Le débat entre tradition et tourisme obscurcit l’avenir des célèbres festivals locaux

Le débat entre tradition et tourisme obscurcit l’avenir des célèbres festivals locaux

Trouver un équilibre entre la nécessité d'attirer les visiteurs tout en préservant les rituels traditionnels est un défi permanent pour les communautés japonaises où les festivals locaux sont des atouts précieux qui génèrent des dépenses touristiques indispensables, mais parfois au détriment de la culture.

Cela semble être particulièrement vrai pour un sanctuaire shinto dont la célébration annuelle des divinités, vieille de plusieurs siècles, est devenue une attraction festive massive pour l'ancienne capitale japonaise de Kyoto, une ville déjà sous le poids du tourisme.

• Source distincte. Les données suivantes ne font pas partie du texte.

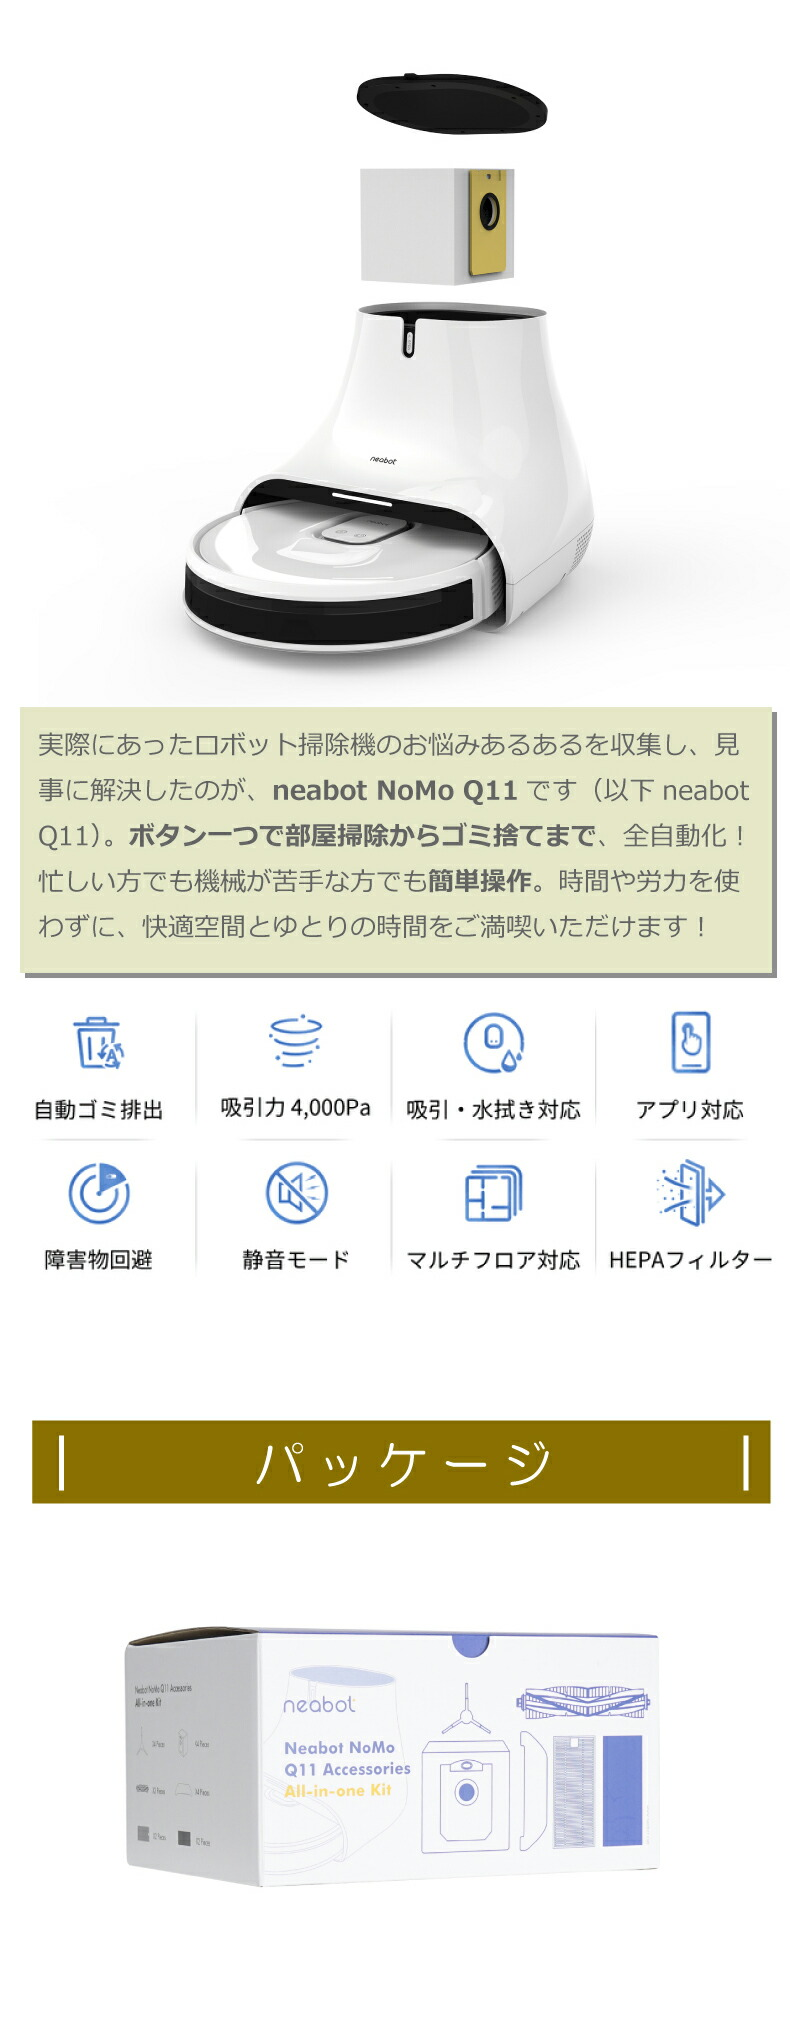 話題の全自動お掃除ロボットNeabot Q11付属品オールインワンセット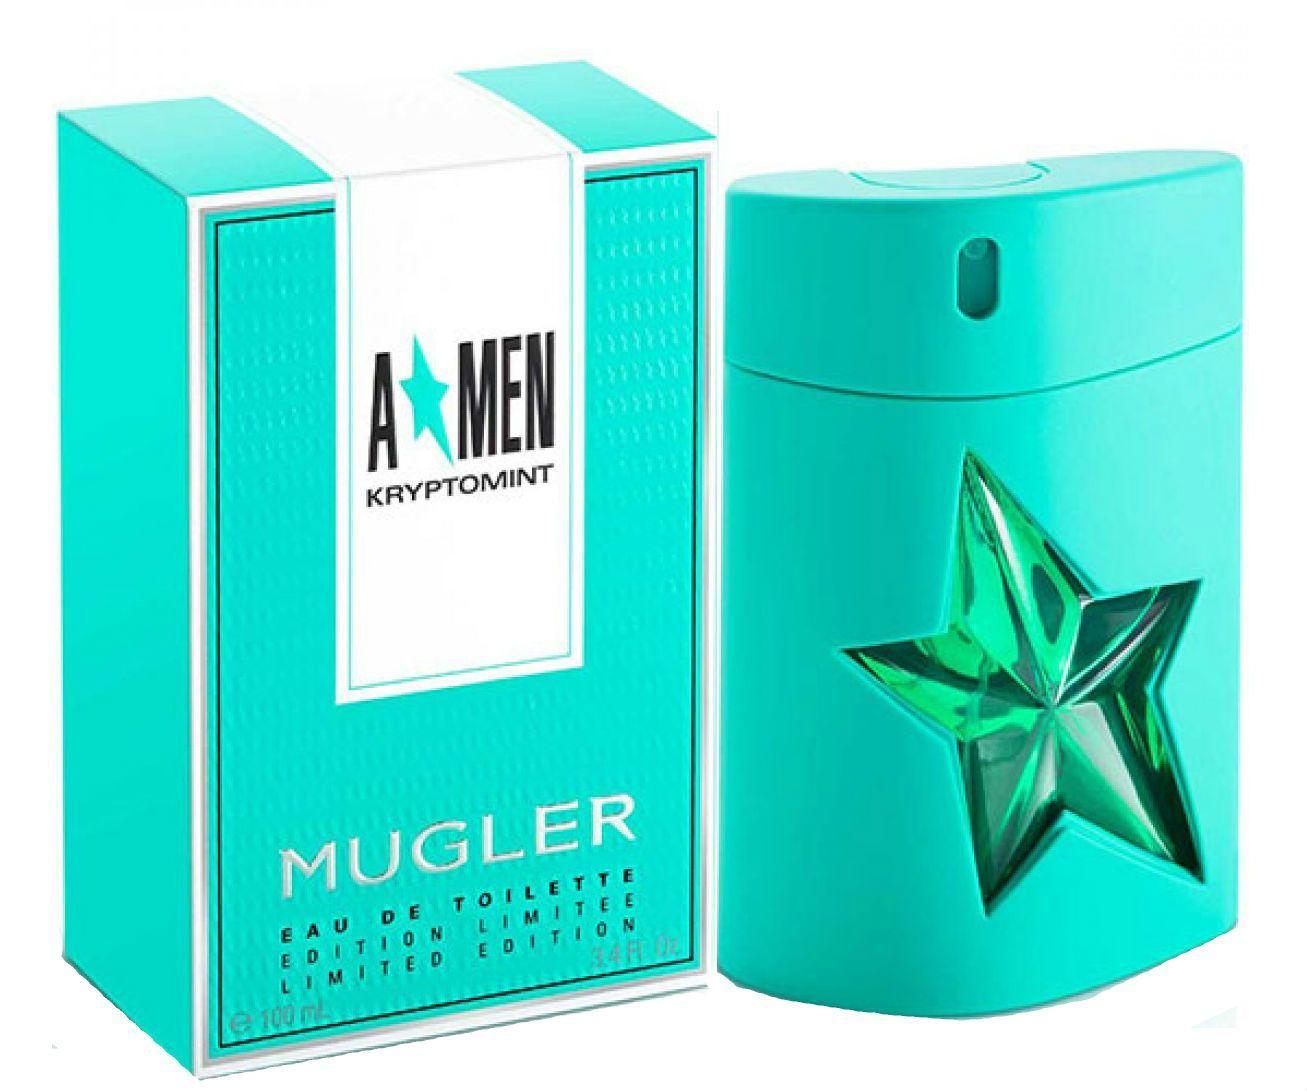 A Men Kryptomint Angel Thierry Mugler Eau De Toilette Spray 3 4

La pratique relativement nouvelle consistant à vendre des sièges haut de gamme à des personnes prêtes à payer pour une vue ininterrompue du défilé tout en se voyant servir de la nourriture et des boissons suscite encore plus d'inquiétude. Les organisateurs locaux de festivals à travers le Japon espèrent tirer profit des étrangers aux poches bien garnies qui veulent vivre l’expérience de leur vie.

Lorsque les billets spéciaux ont été vendus au célèbre festival de Gion à Kyoto, le prêtre en chef du sanctuaire Yasaka, qui supervise l'extravagance d'un mois en juillet, a critiqué le concept, en particulier le service de boissons alcoolisées.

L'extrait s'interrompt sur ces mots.